Once I got outside, a roller-coaster of emotions washed over me. Scott had been right to want to keep his father from me. Jeff hated me and he didn't even know me, didn't know what I'd survived. I could never be the girl Scott took home. We had been living in a bubble. Real life was much more cut throat. I of all people should have known better than to think I could have this life. Finishing college, leaving the mafia. None of it was for me. I was an idiot to think that I could have him. 

A sinking feeling of helplessness poured over me. What the fuck was I thinking about when I should be focusing on getting Jenny back? One thing about being a Luciano was you were never powerless. Not like I was now. My fingers itched to reach for my phone. 

One phone call and I could fix everything. Without it, Jenny was as good as dead. I already knew how it would go. That same phone call could cost me Scott. What the fuck was I supposed to do? 

As if making the decision for me, my phone rang, nearly giving me a heart attack. 

"Hello daddy," I answered without even needing to confirm who it was. 

"Ciao, erede," he said and I could hear the triumph in his voice. "Ready to come home yet?" 

I put the phone on speaker as my breathing quickened and my head throbbed. 

"Call Joey off," I screamed, letting my emotions get the better of me anyway. 

"Have I taught you nothing?" he screamed back and I shook like a leaf. 

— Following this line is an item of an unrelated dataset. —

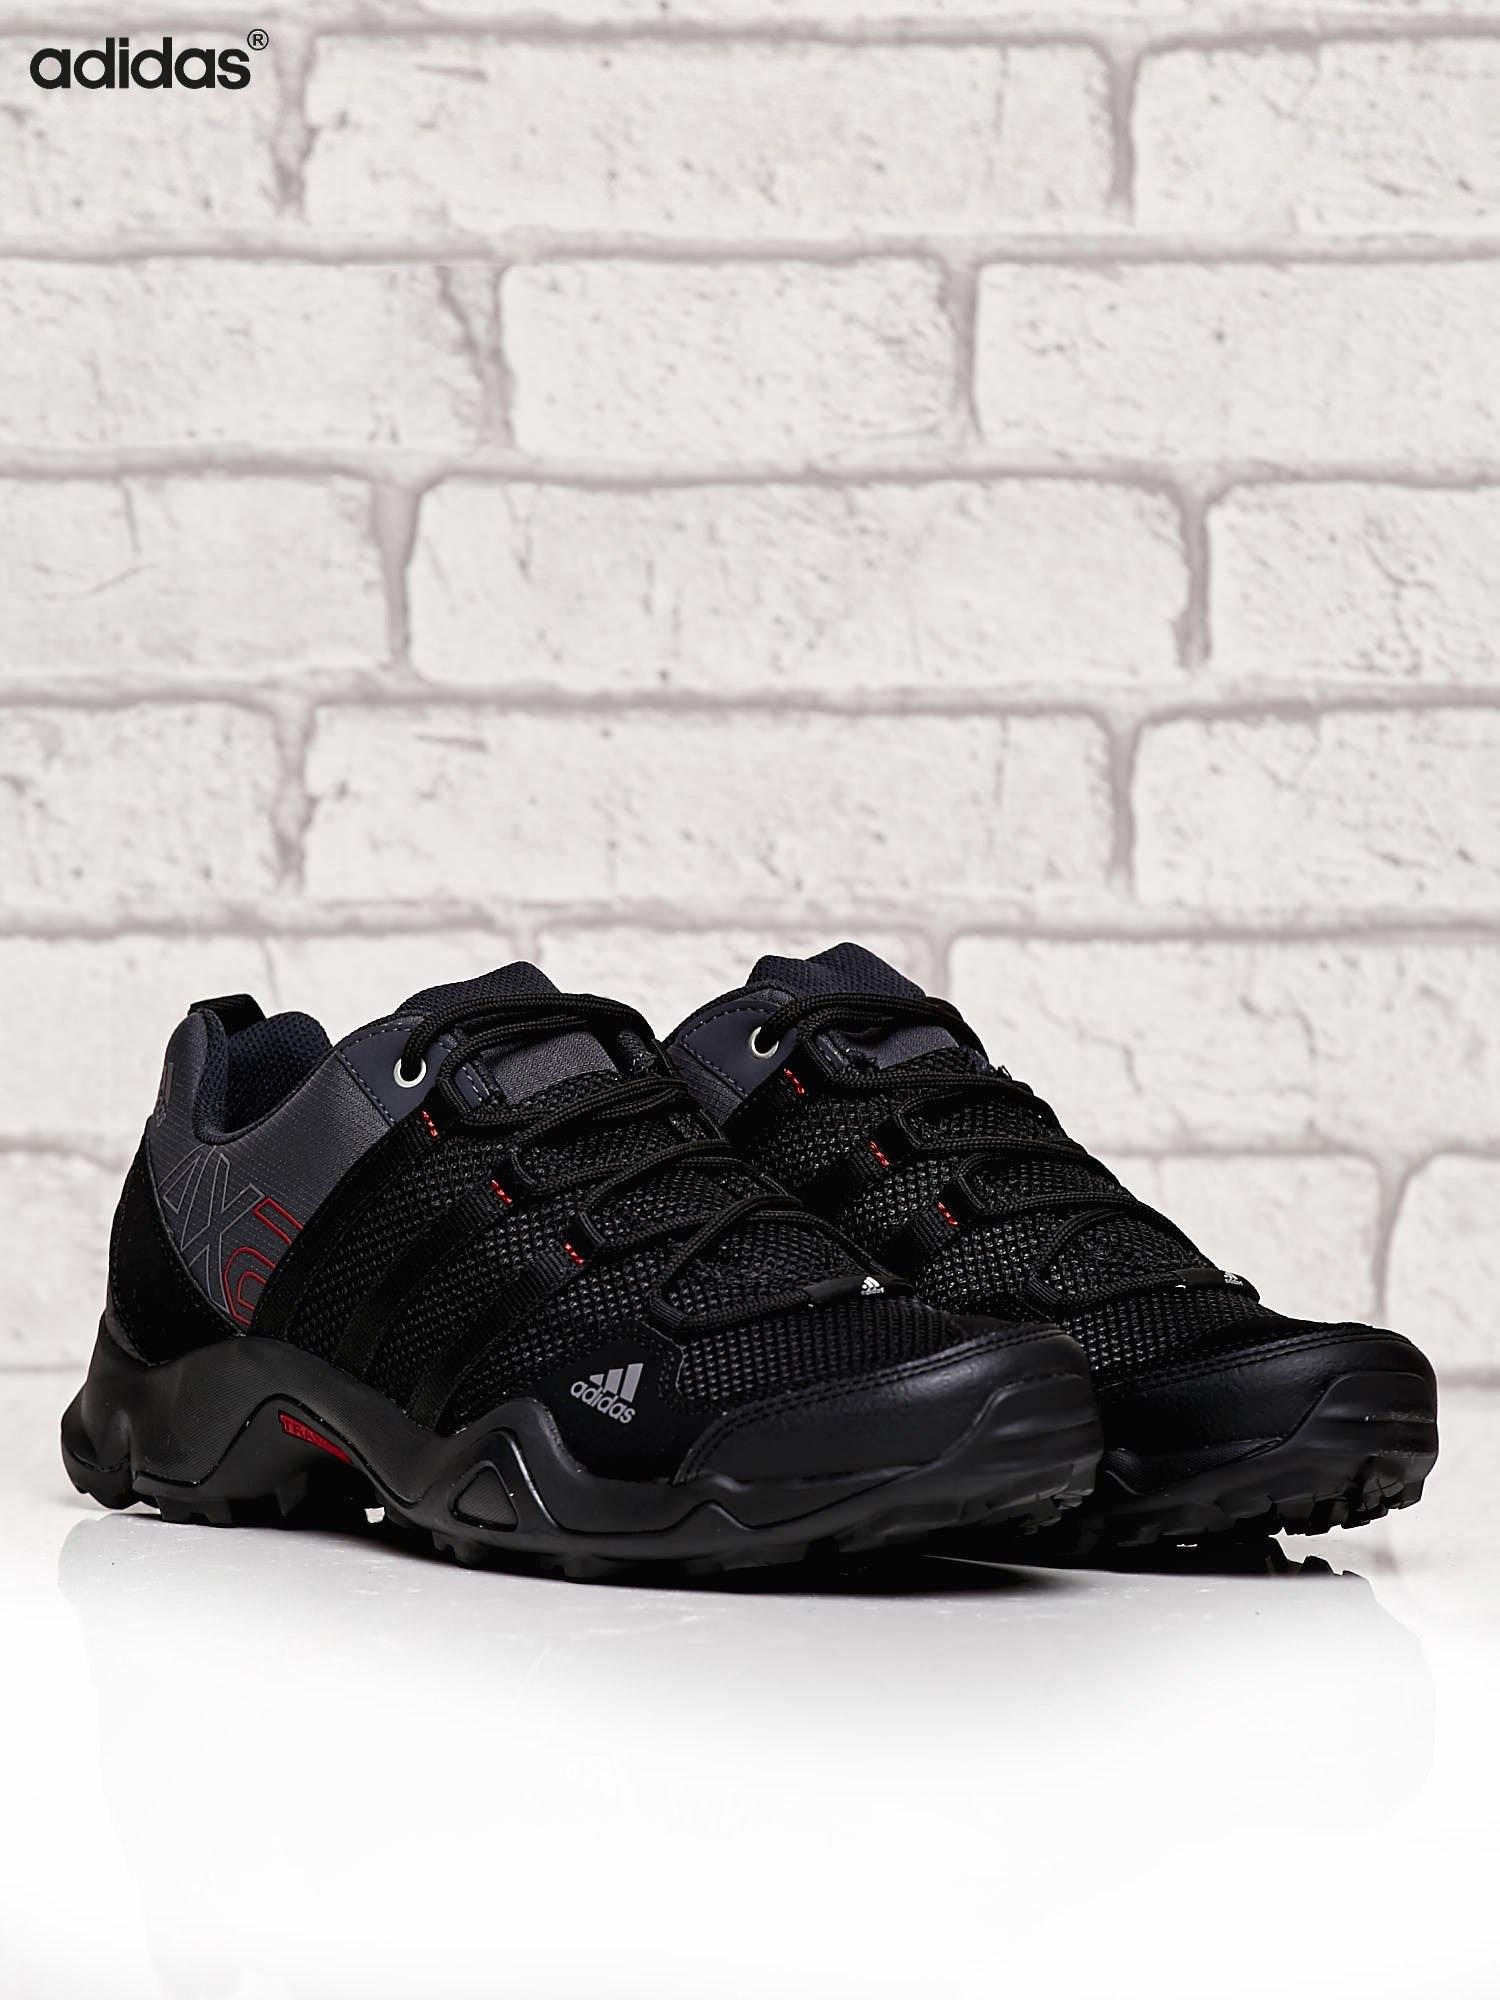 Sportowe Męskie Buty Mężczyźni Czarne Ax Do 2 Biegów Adidas

"We make requests from a place of strength, bambina. Honor the deal you made fifteen years ago. Beg for my forgiveness. Agree to marry the man I chose. Then you can have whatever you want. Remember the rush, erede. The power of holding life in your hands. As a Cattaneo as well as your father's daughter, you'll be strong again," said Don Angelo. 

I burst into silent tears, covering my mouth to muffle any sounds I might make, rivers streaming down my cheeks. 

"I don't want your type of power. I don't want to be strong anymore. There must be something you want more than me," I said, in complete denial, knowing deep down that there wasn't.

Whatever Don Angelo's response was, I didn't get to hear it. A hand reached out, took the phone from me and ended the call. Next I was in

his arms, wiping away the tears like they were a show of weakness.